What Range This Port Belongs To

Port 2722 falls in the registered port range (1024–49151), administered by IANA. 1

The registered range is where legitimate software goes to stake a claim. Port 22 was registered for SSH. Port 443 for HTTPS. Port 3306 for MySQL. Each assignment means "this protocol lives here, and other software should avoid squatting on it."

Port 2722 has no registered tenant. IANA has no official service-to-port mapping for it. It's an empty lot in a neighborhood full of named addresses.

What Actually Uses It

Nothing official. No RFC, no standard, no protocol owns port 2722.
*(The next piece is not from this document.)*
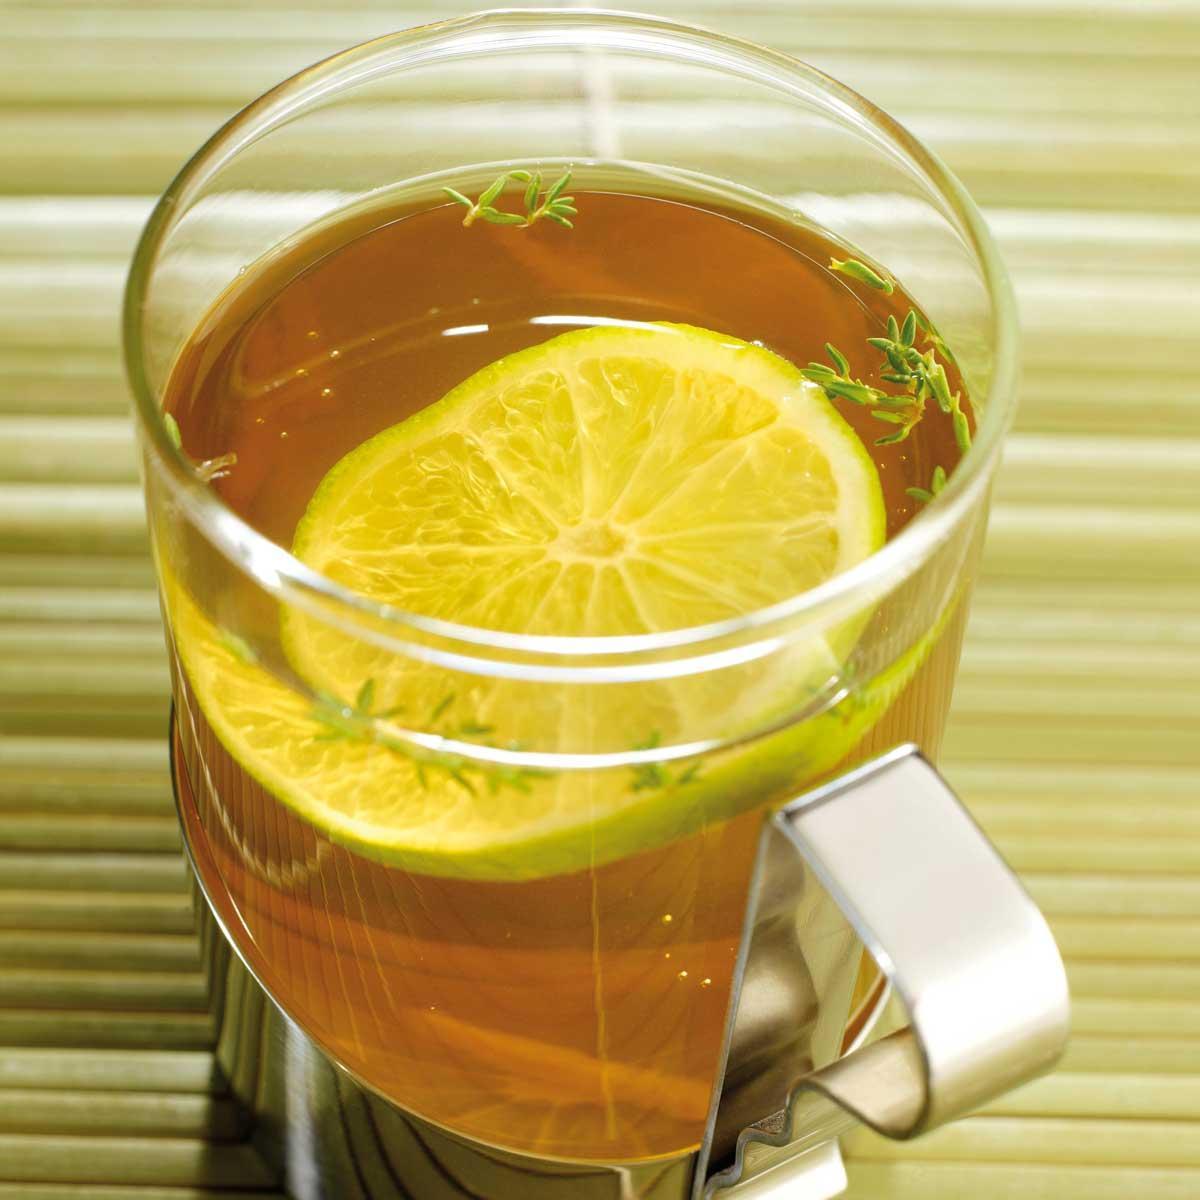 the au citron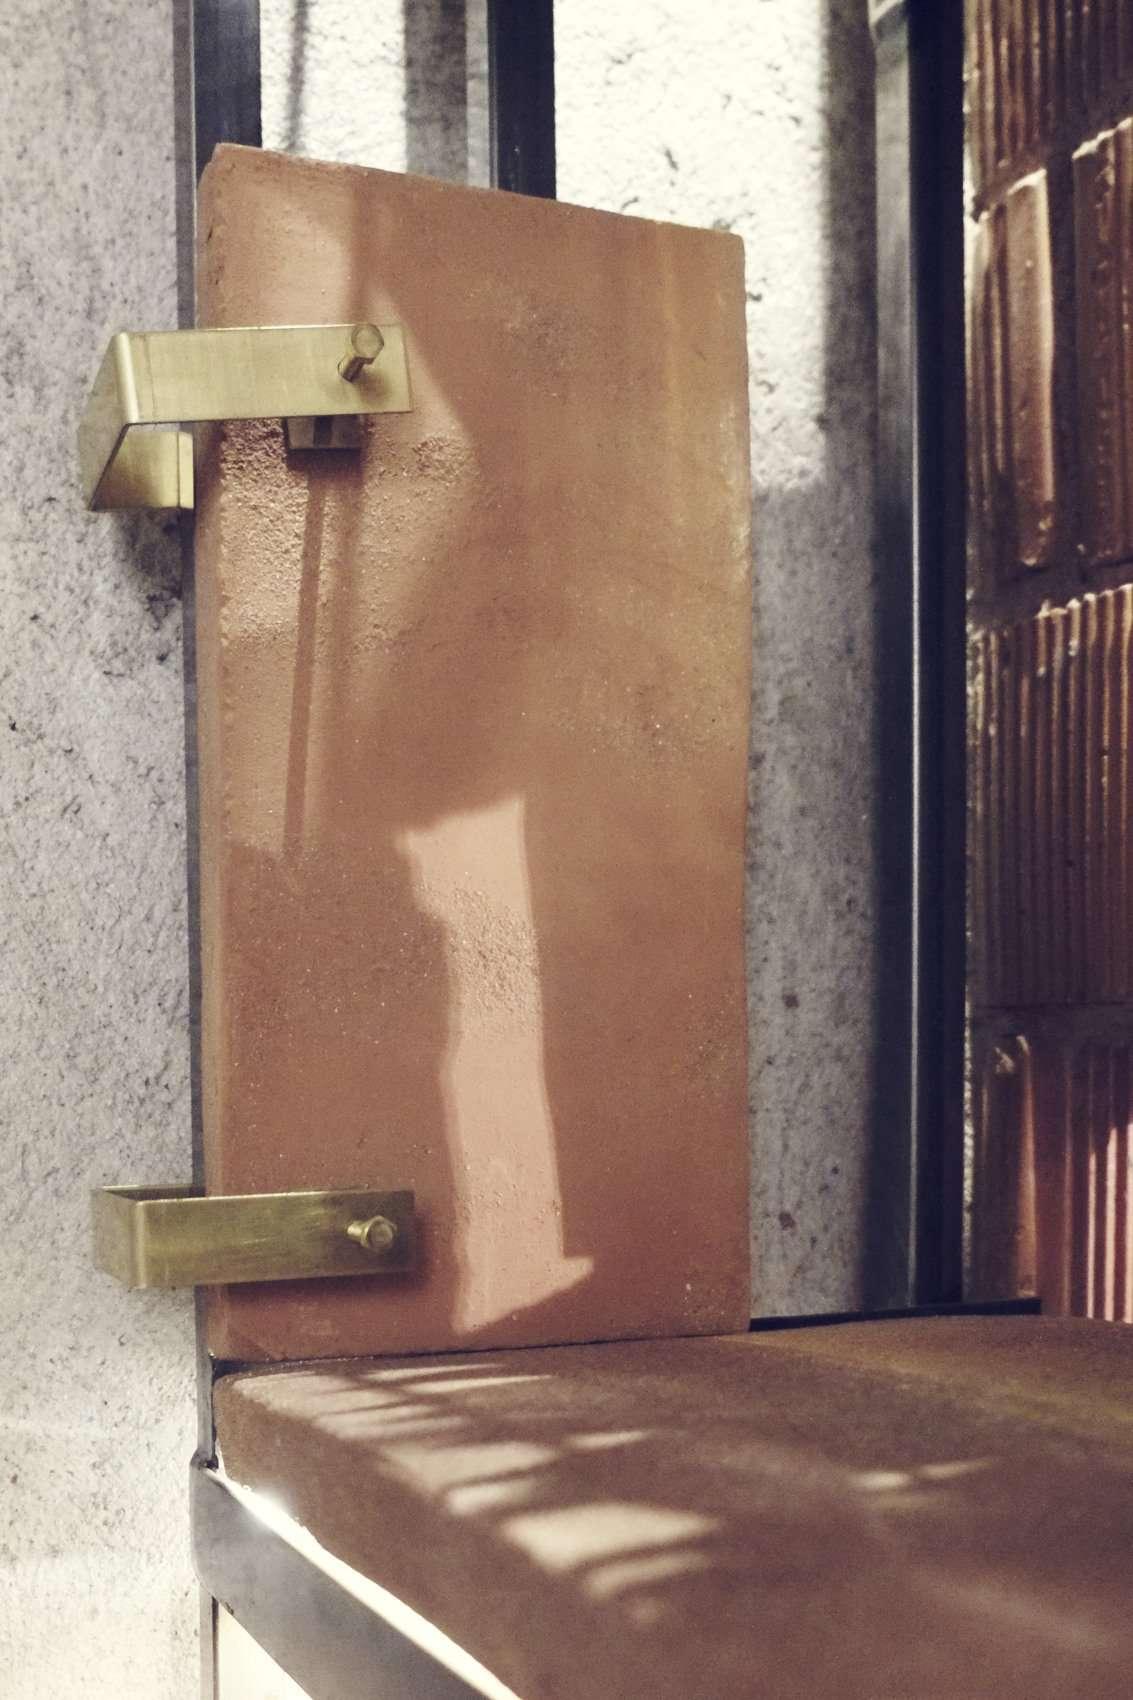 progetto enoteca milano, 2015, scaffalatura in ferro, terracotta fatta a mano, ottone

That said, software doesn't always ask permission. Any application can open a listener on any unassigned port without violating a standard — just good manners. Development servers, internal tools, and custom software frequently land on unassigned ports when their developers want something above 1024 (to avoid requiring root privileges) and below the ephemeral range.

Port 2722 has appeared in older security databases flagged as having been used by malware. 2 This is less damning than it sounds. Trojans need a port to phone home on. They pick numbers in the registered range precisely because unassigned ports don't trigger automatic firewall rules. The association says more about how trojans choose ports than about anything specific to 2722.

How to Check What's Listening

If you see traffic on port 2722 and want to know what's responsible:

On Linux or macOS:

sudo ss -tlnp | grep 2722
# or
sudo lsof -i :2722

On Windows:

netstat -ano | findstr :2722

The process ID in the output maps to a specific application. On Linux, lsof will name it directly. On Windows, take the PID to Task Manager or run:

tasklist | findstr <PID>

If something is listening and you don't recognize it, that's worth investigating — not because port 2722 is inherently suspicious, but because unexpected listeners always are.

Why Unassigned Ports Matter

The registered range exists to prevent collision. When MySQL picks 3306, it means every sysadmin, every firewall rule, every cloud security group can say "allow 3306 inbound for database traffic" and know what they're allowing.

Unassigned ports don't have that shared language. When something listens on 2722, there's no shared expectation. That ambiguity is sometimes useful (informal internal services) and sometimes a problem (malware hiding in the noise).

The 48,000+ unassigned slots in the registered range are the Internet's frontier territory — not wild, exactly, but without the infrastructure of named streets.